Frigid waters are the ideal oyster habitat, which means these bivalves are best enjoyed during Maine’s slow season. If there’s a line at perpetual darling Eventide, it’ll at least be shorter than normal, granting you quicker access to an excellent selection of local oysters plus a cheaper, sleeper-hit sibling of the restaurant’s famous brown butter lobster roll: the fried oyster bun. The Maine Oyster Company cultivates a more DIY experience with an oyster shucking class, which may give you the skill and confidence to take home a bag of fresh shellfish souvenirs.
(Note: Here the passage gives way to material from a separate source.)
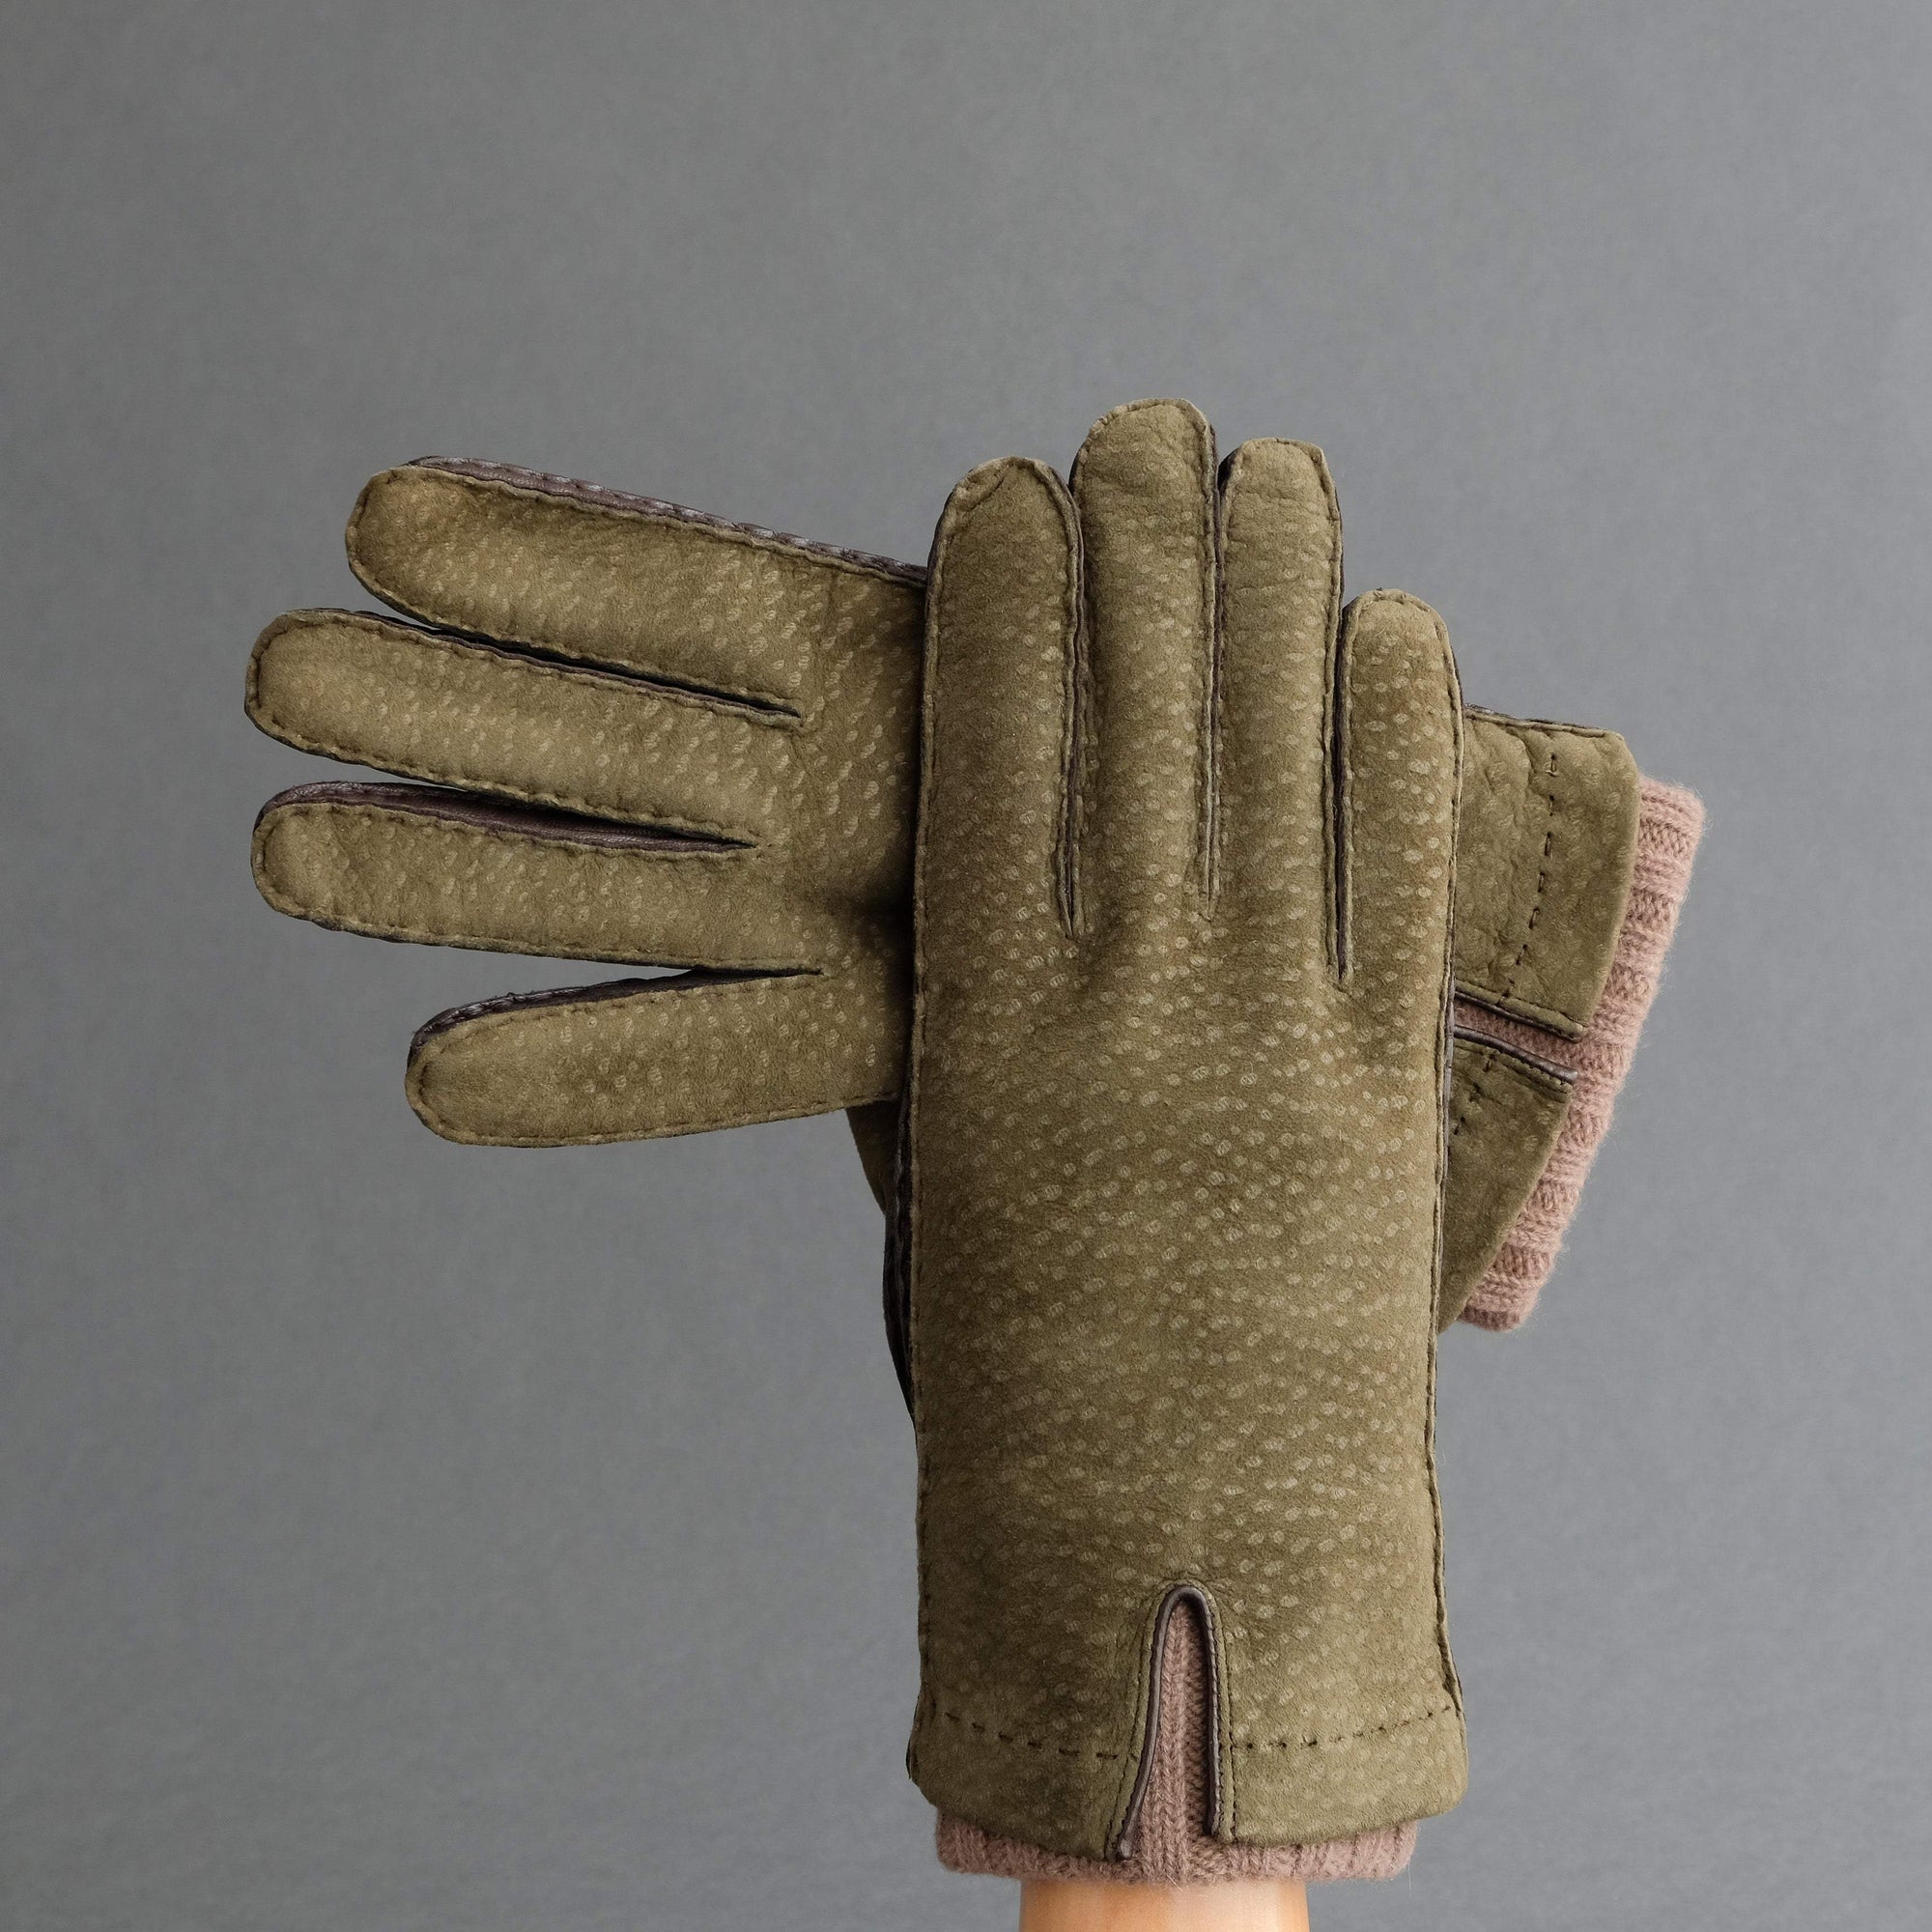 Gentlemen's Gloves from Carpincho and Nappa Leather Lined with Cashmere - TR Handschuhe Wien - Thomas Riemer Handmade Gloves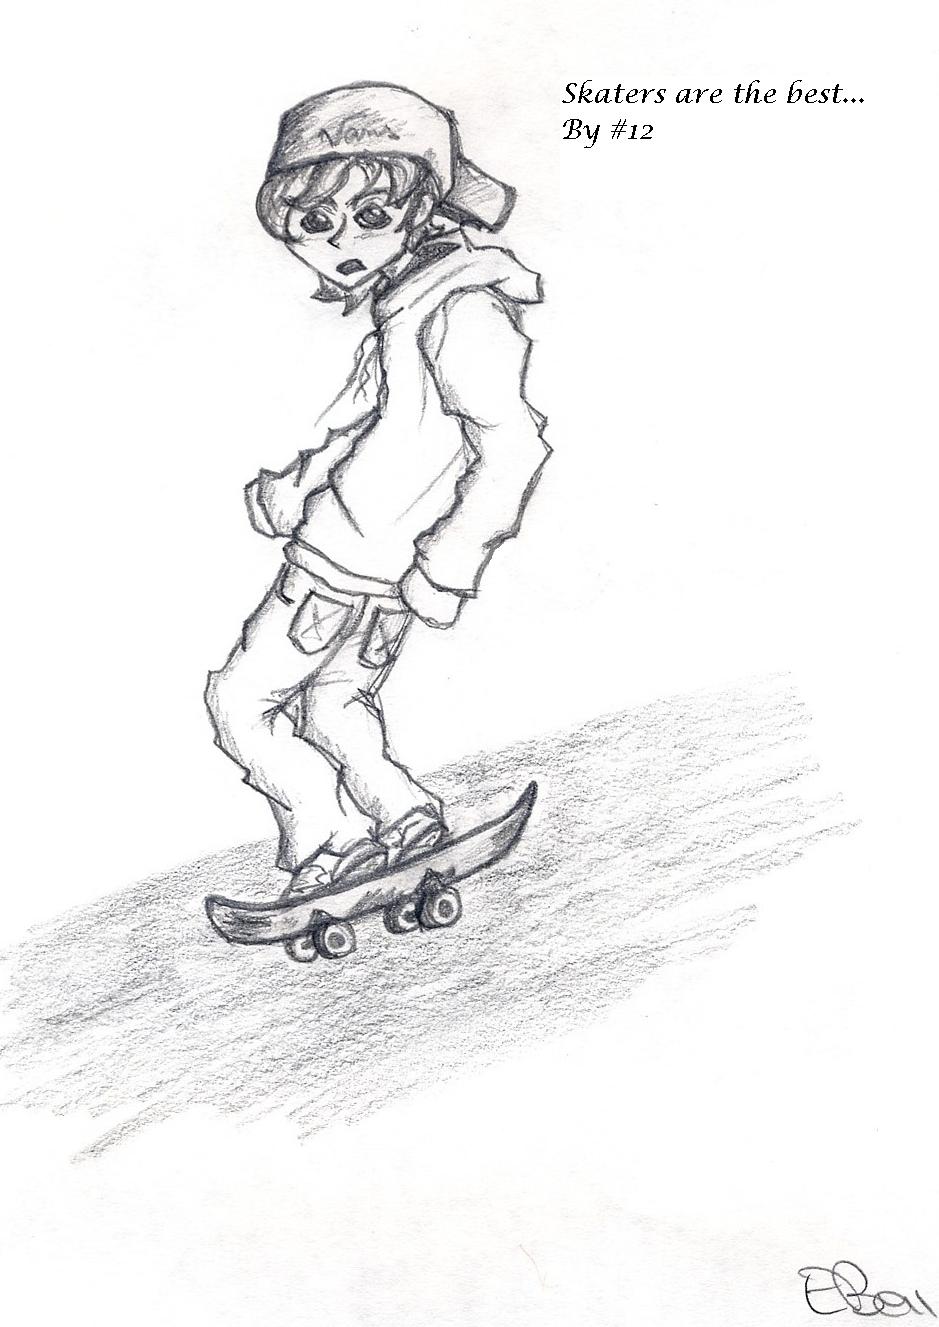 Sk8er by EB91

Speaking of local aquaculture, warm up at Dobra Tea with a pot of sailor’s cure-all, an herbal blend of ginger, turmeric, and Maine bladderwrack seaweed. Or try Portland Hunt & Alpine Club’s smoky-tart bonecrusher cocktail for a different kind of restoration before heading to dinner.

Raw beef, a lime slice, and herb garnishes are in a round gray bowl on a wooden table.
The menu’s always changing at Central Provisions; here’s a beef salad from a few years back.
Bill Addison/Eater

Thankfully, a reservation at top seafood-focused spots like Scales, Central Provisions, and Street & Co. isn’t as hard to come by in the colder months, but you can also consider slightly deeper cuts like Baharat, with its menu inspired by Middle Eastern street food; izakaya-style Mami; or homestyle German gem Schulte & Herr (which only offers takeout at the moment).

Finally, take a nightcap to go from the Jewel Box’s walk-up window. Try the potent bouquet carré — a floral take on New Orleans’s classic Vieux Carré — or go non-alcoholic with an orange, ginger, and cardamom cordial.